§ **Task item**
The response should consist of the data below, copied exactly, with no pictures in it.

§ **Information shown**
◇ ◇ ◇

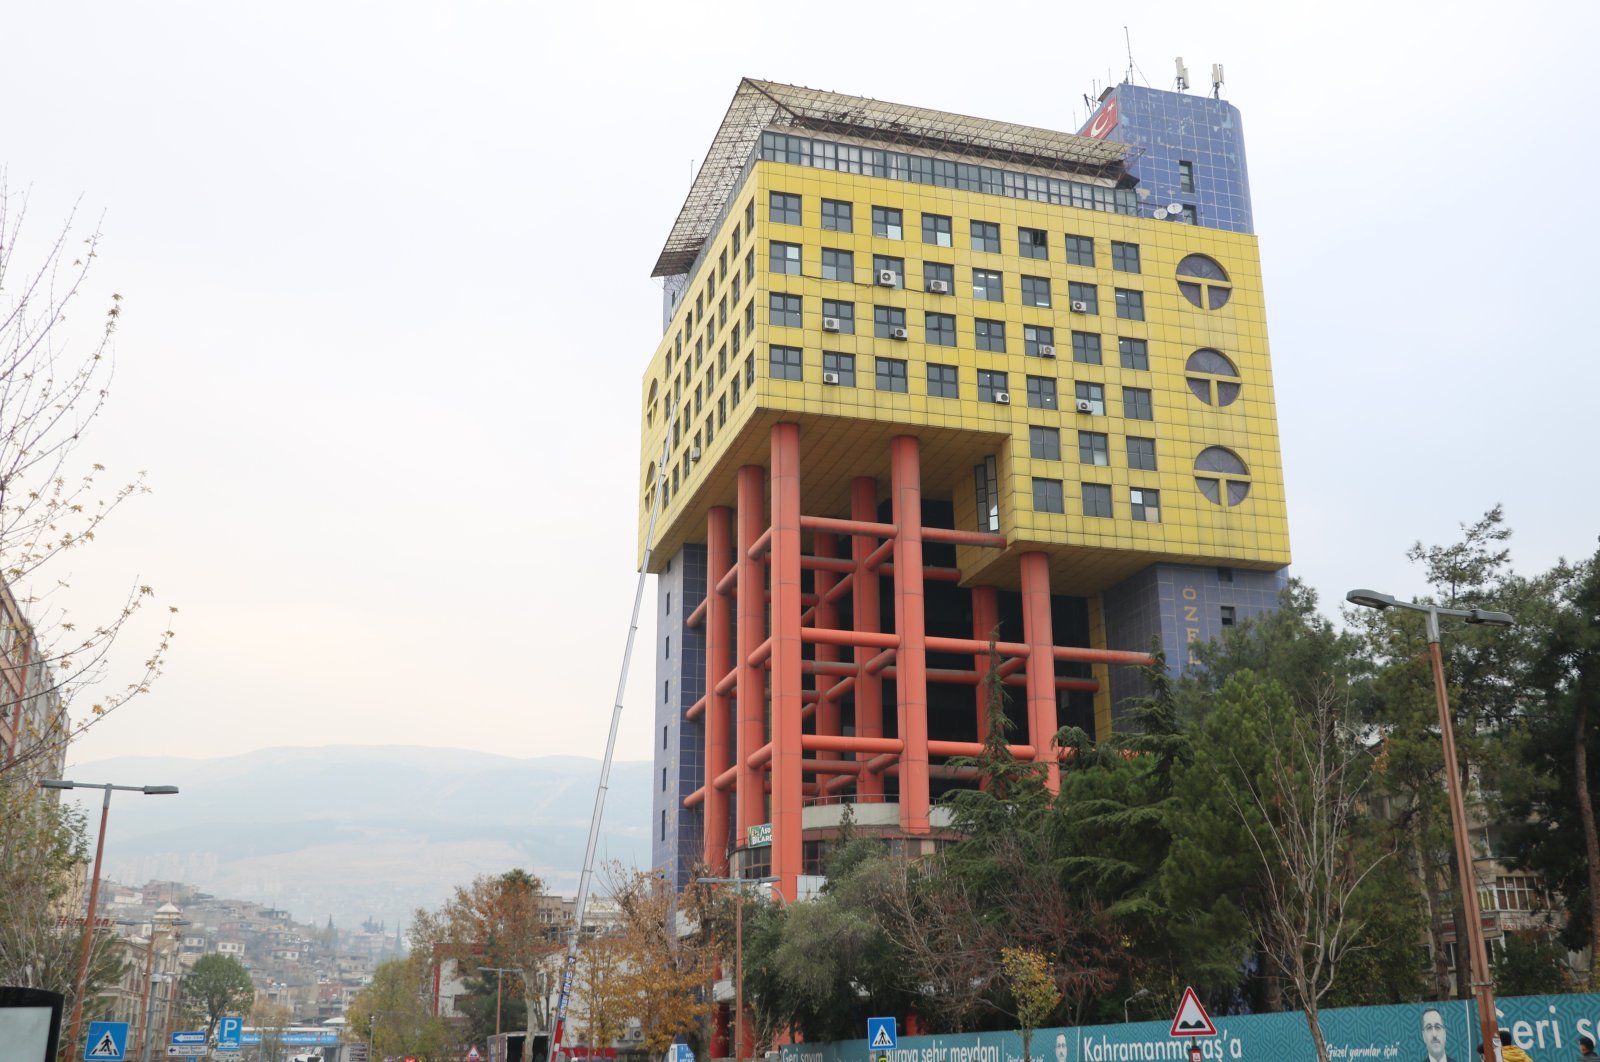 Pembongkaran dimulai di gedung paling konyol di dunia di Kahramanmaraş
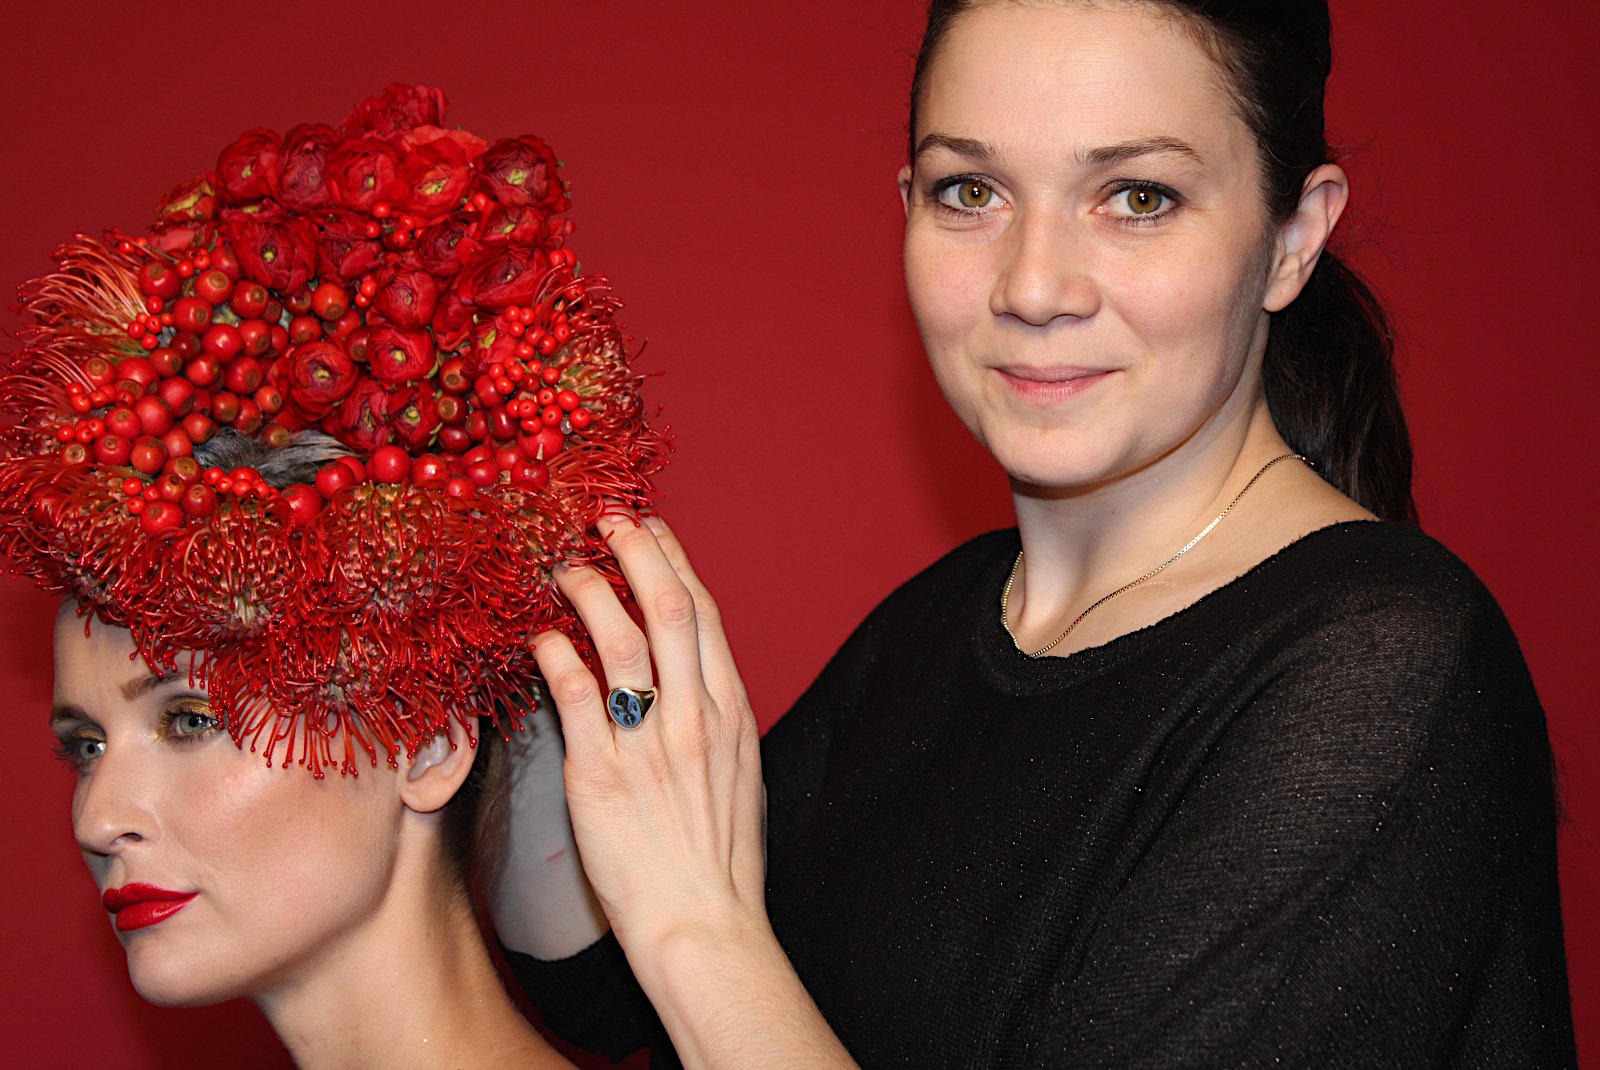 Profil no15: International floral designer Annette von Einem, København
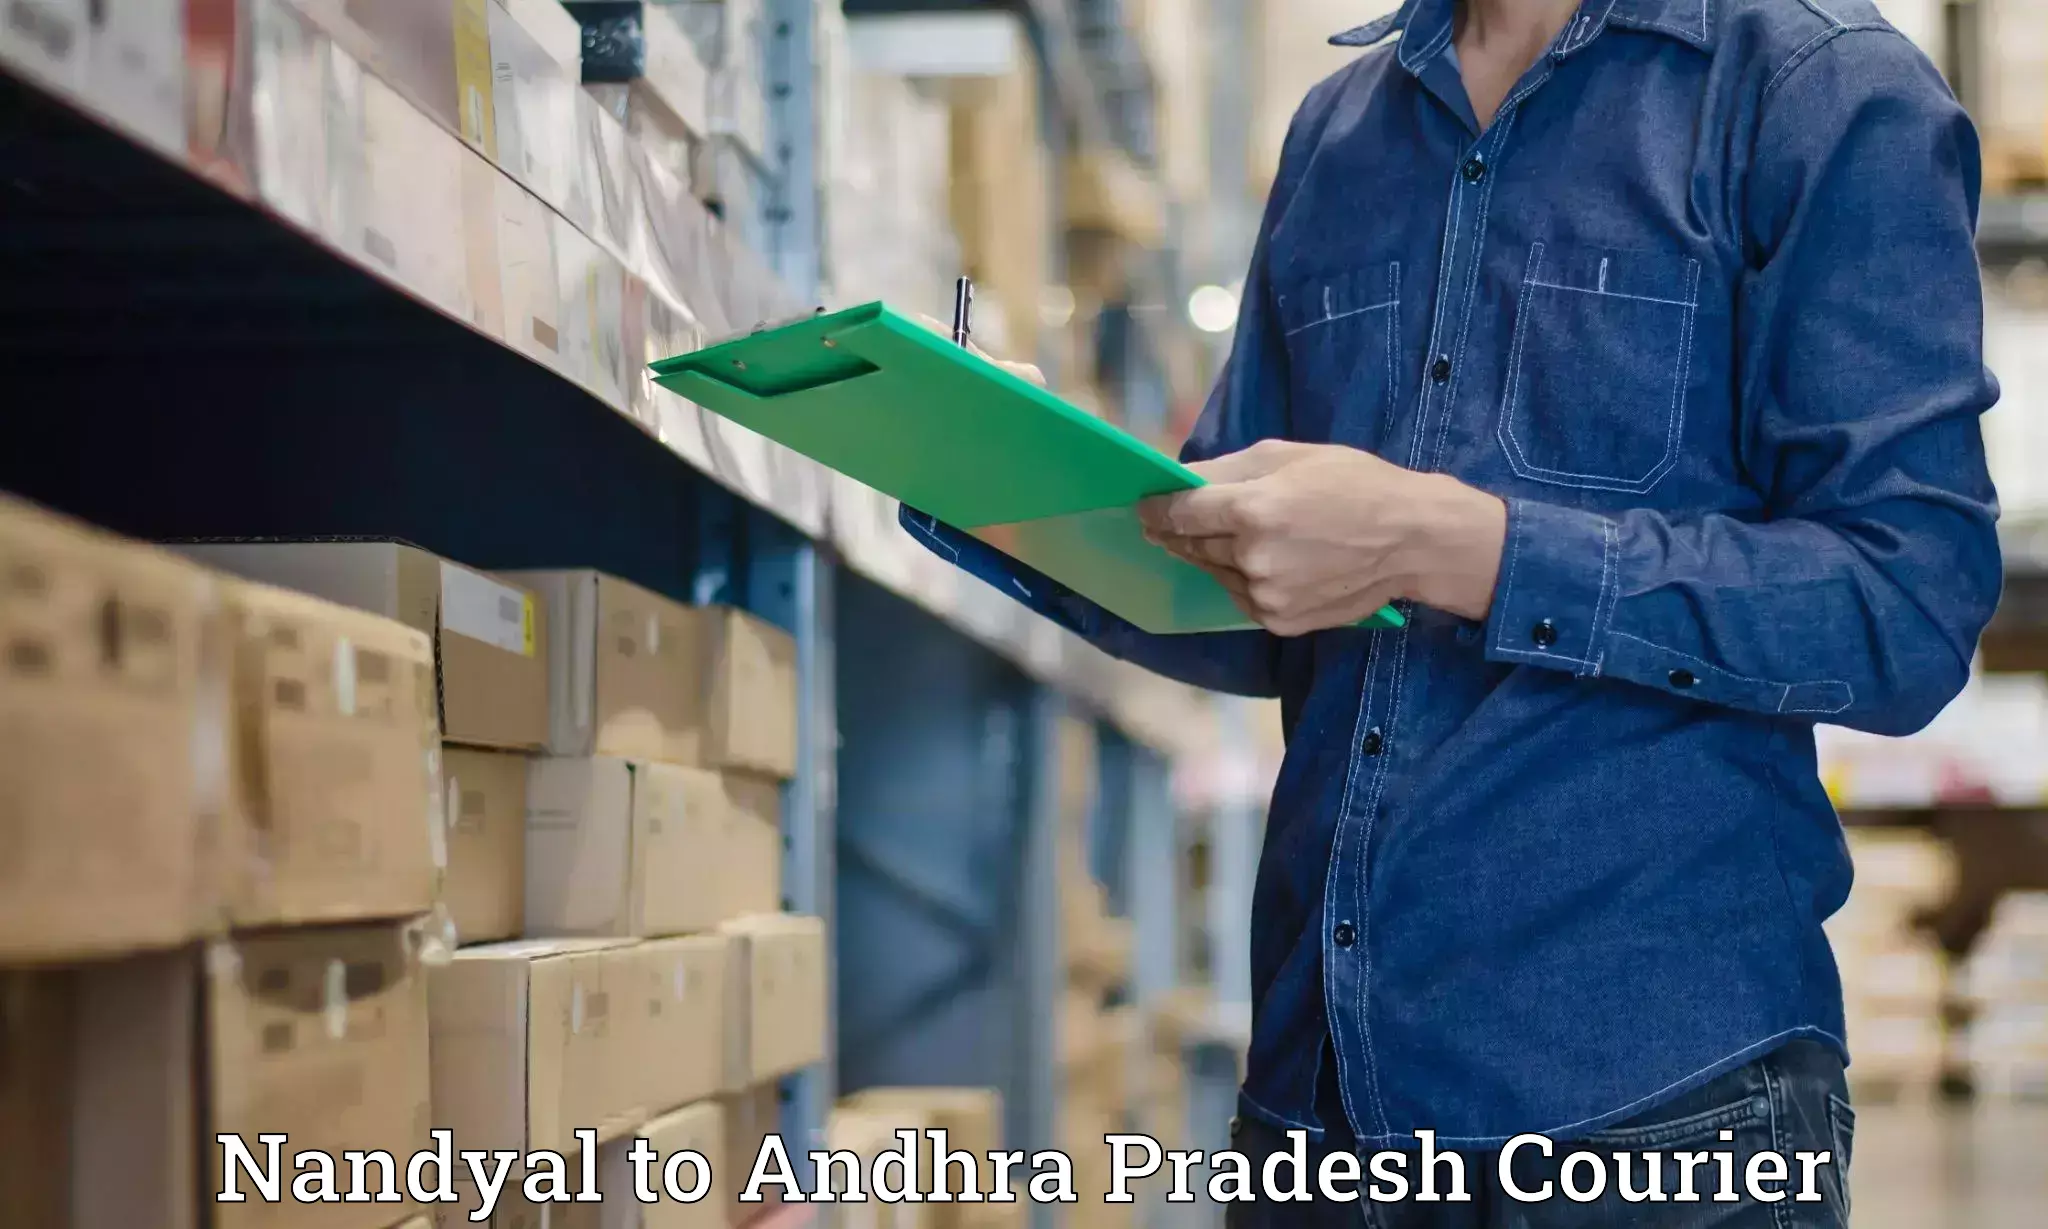 24-hour courier service Nandyal to Bhimavaram

◇ ◇ ◇

§ **Answer below**
 Pembongkaran dimulai di gedung paling konyol di dunia di Kahramanmaraş
 Profil no15: International floral designer Annette von Einem, København
 24-hour courier service Nandyal to Bhimavaram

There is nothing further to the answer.